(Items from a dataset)
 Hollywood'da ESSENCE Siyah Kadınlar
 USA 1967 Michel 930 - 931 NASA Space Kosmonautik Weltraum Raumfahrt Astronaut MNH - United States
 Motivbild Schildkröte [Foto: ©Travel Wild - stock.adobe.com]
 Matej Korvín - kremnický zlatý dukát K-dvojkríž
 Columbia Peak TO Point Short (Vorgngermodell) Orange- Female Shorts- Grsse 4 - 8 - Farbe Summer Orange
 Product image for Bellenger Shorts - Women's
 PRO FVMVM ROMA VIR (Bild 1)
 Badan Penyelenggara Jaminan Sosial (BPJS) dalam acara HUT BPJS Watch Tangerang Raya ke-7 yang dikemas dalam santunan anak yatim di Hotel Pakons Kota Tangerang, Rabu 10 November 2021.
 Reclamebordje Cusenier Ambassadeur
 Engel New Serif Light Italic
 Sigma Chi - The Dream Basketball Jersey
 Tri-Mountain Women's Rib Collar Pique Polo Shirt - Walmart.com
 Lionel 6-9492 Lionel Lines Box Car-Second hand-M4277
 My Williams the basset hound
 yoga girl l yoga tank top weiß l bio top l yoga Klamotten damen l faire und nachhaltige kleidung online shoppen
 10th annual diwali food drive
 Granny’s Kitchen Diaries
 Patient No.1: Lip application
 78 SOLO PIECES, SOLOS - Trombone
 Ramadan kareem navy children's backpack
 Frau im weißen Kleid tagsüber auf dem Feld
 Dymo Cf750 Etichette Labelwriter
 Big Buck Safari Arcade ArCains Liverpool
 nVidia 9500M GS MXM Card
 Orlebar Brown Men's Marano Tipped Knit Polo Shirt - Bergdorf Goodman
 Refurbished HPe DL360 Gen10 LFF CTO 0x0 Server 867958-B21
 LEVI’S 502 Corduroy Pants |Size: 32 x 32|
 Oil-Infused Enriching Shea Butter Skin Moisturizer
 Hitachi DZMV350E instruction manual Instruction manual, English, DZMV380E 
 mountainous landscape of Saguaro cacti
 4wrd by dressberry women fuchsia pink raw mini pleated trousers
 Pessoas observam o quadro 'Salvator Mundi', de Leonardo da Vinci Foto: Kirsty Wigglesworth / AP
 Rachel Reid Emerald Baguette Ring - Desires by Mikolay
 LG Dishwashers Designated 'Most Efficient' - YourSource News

§ **Task brief**
Copy out the lines starting at the one containing "78 SOLO PIECES, SOLOS - Trombone" and ending with the last line of the entries. Include nothing else.

§ **Result of the task**
 78 SOLO PIECES, SOLOS - Trombone
 Ramadan kareem navy children's backpack
 Frau im weißen Kleid tagsüber auf dem Feld
 Dymo Cf750 Etichette Labelwriter
 Big Buck Safari Arcade ArCains Liverpool
 nVidia 9500M GS MXM Card
 Orlebar Brown Men's Marano Tipped Knit Polo Shirt - Bergdorf Goodman
 Refurbished HPe DL360 Gen10 LFF CTO 0x0 Server 867958-B21
 LEVI’S 502 Corduroy Pants |Size: 32 x 32|
 Oil-Infused Enriching Shea Butter Skin Moisturizer
 Hitachi DZMV350E instruction manual Instruction manual, English, DZMV380E 
 mountainous landscape of Saguaro cacti
 4wrd by dressberry women fuchsia pink raw mini pleated trousers
 Pessoas observam o quadro 'Salvator Mundi', de Leonardo da Vinci Foto: Kirsty Wigglesworth / AP
 Rachel Reid Emerald Baguette Ring - Desires by Mikolay
 LG Dishwashers Designated 'Most Efficient' - YourSource News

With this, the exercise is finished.